Man-in-the-Middle: One research team was able to hack into an IoT device to attack the Alexa voice assistant. They used this along with several of the later mentioned techniques to implement a more sophisticated attack. Their “Man in the Middle” attack hijacks the conversation a user is having with their voice assistant without the user knowing. The first component of this attack is command jamming. They use the IoT device in order to inaudibly jam the commands the user is giving the voice assistant and simultaneously records them. When the user speaks the wake word, both the malicious and the voice assistant are activated. The malicious device uses an ultrasound modulated noise to prevent the voice assistant from understanding the user. The next component is data retrieval. Since the malicious device knows what skill the user was trying to use, it can send the same requests to the echo and find out the kind of data the user was looking for. The malicious device can now modify the data and complete the hijacking by echoing the information back to the user [14].

III-B Voice Transmission (Attack Surface 2)

In cybersecurity, fingerprinting refers to a set of information that can be used to identify network protocols, operating systems, hardware devices, software among other things. Hackers use fingerprinting as the first step of their attack to gather maximum information about targets. The technique of fingerprinting can be used on the voice traffic between smart speakers and their cloud servers. In this attack, an adversary can eavesdrop both out-going and incoming encrypted voice traffic of a smart speaker, and infer which voice command a user says over encrypted traffic [15, 16].

III-C Alexa Voice Service (Attack Surface 3)

These are attacks on the common SLU functionalities, ASR, NLU and TTS that Alexa voice service provides [10]. At this day in age, it is nearly impossible for software to perfectly understand everything a person is saying and correctly interpret intent. Homonyms and homophones are commonly misunderstood even by humans, and has currently been found to be near impossible for computers to accurately identify in human language [17]. Usually the language processing models are not accurate enough nor trained with other languages or accents. These deficiencies in Alexa’s SLU are the targets for this particular attack surface.

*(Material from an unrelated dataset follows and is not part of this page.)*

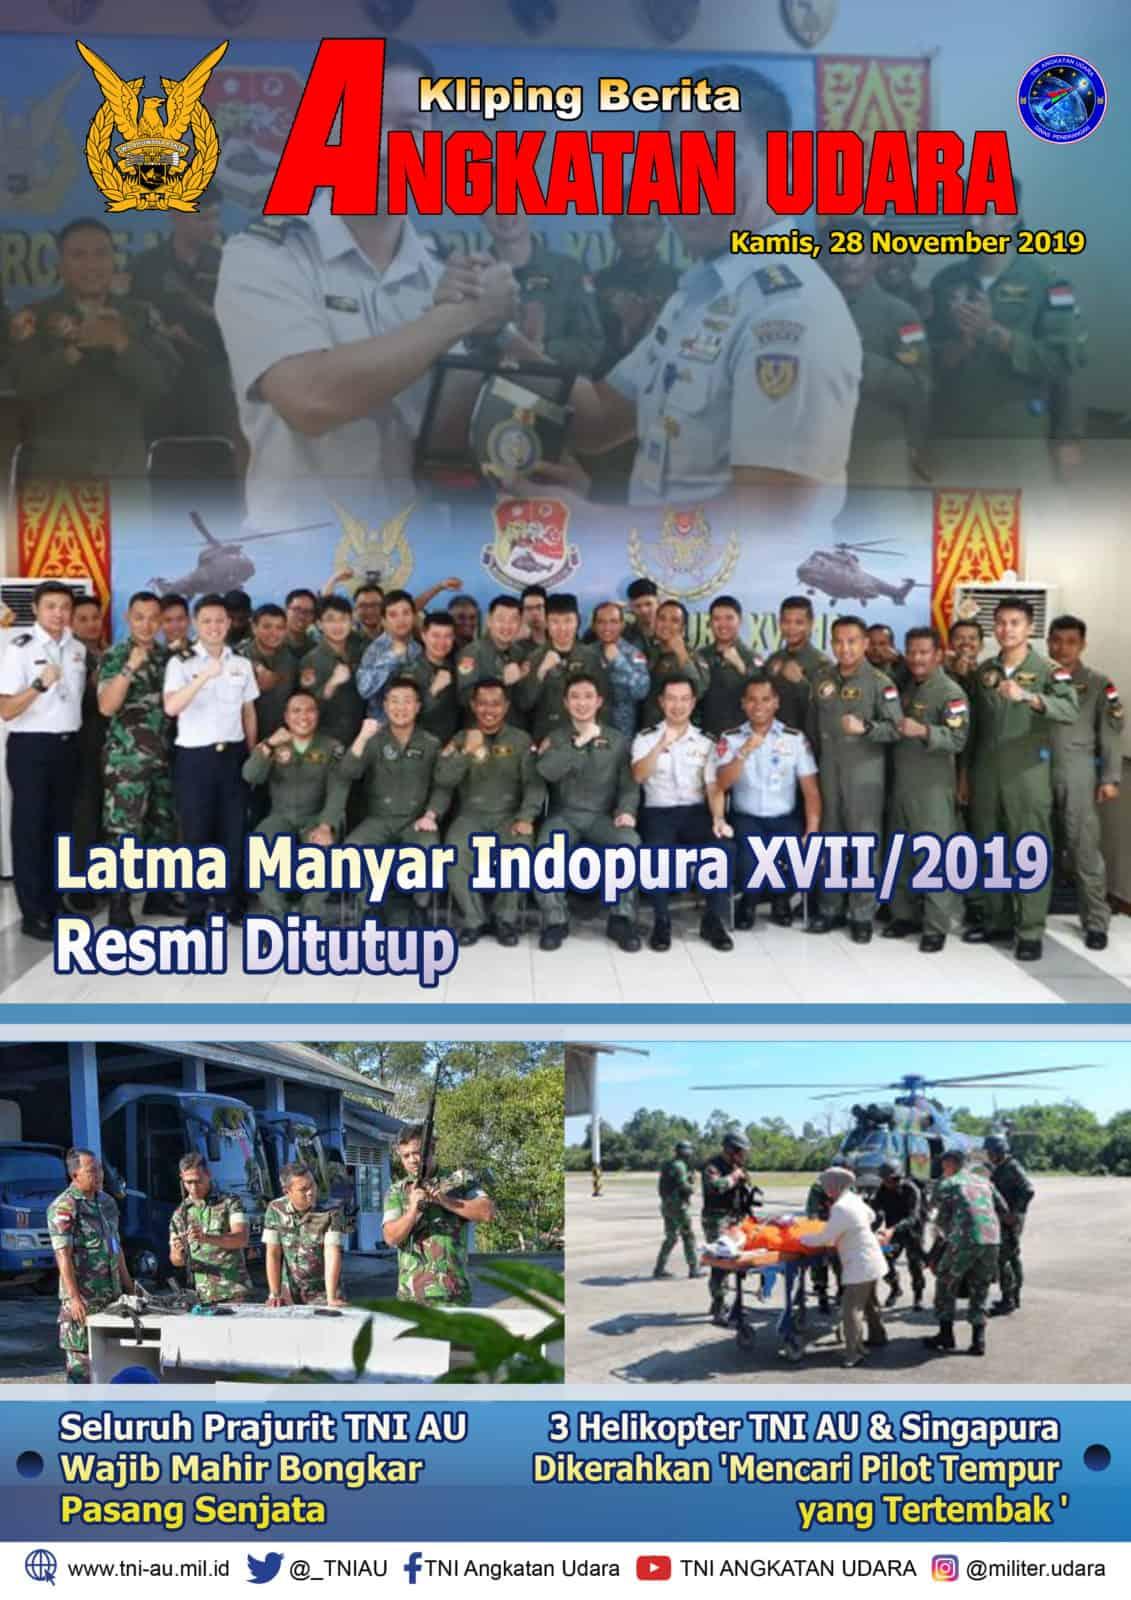 Kliping Berita Media 28 November 2019

Skill Squatting: Skill Squatting is the creation of malicious skills that carry invocation and intent names that sound similar to the invocation and intent names of legitimate skills. Taking advantage of the easy misinterpretation of spoken word, skill squatting relies on the systematic errors produced from word-to-word, such as pauses or mispronunciations. The intent of this attack is to confuse the Alexa and empower the malicious skill to be used instead of the legitimate one, hijacking the legitimate skill. This technique can be focused on specific types of people by leveraging words that are only squattable in targeted users’ demographic [12, 18].

III-D Alexa Voice Skill (Attack Surface 4)

Malicious skills: Malicious skills can be interpreted as any skill that is intentionally designed to act against the interests of the user. This could be a skill that mines user data or hijacks private information, or simply a skill that falsely claims to be able to perform an action it is unable to do. Currently, there are several studies that show how easily malicious skills are able to bypass Amazon’s security and become available for public use on the official Amazon Alexa skill store [19, 20, 18]. In one study, researchers were able to publish hundreds of policy-violating skills onto the Alexa skill store for users to access. There proved to be many reasons why this attack surface in particular was so vulnerable [20].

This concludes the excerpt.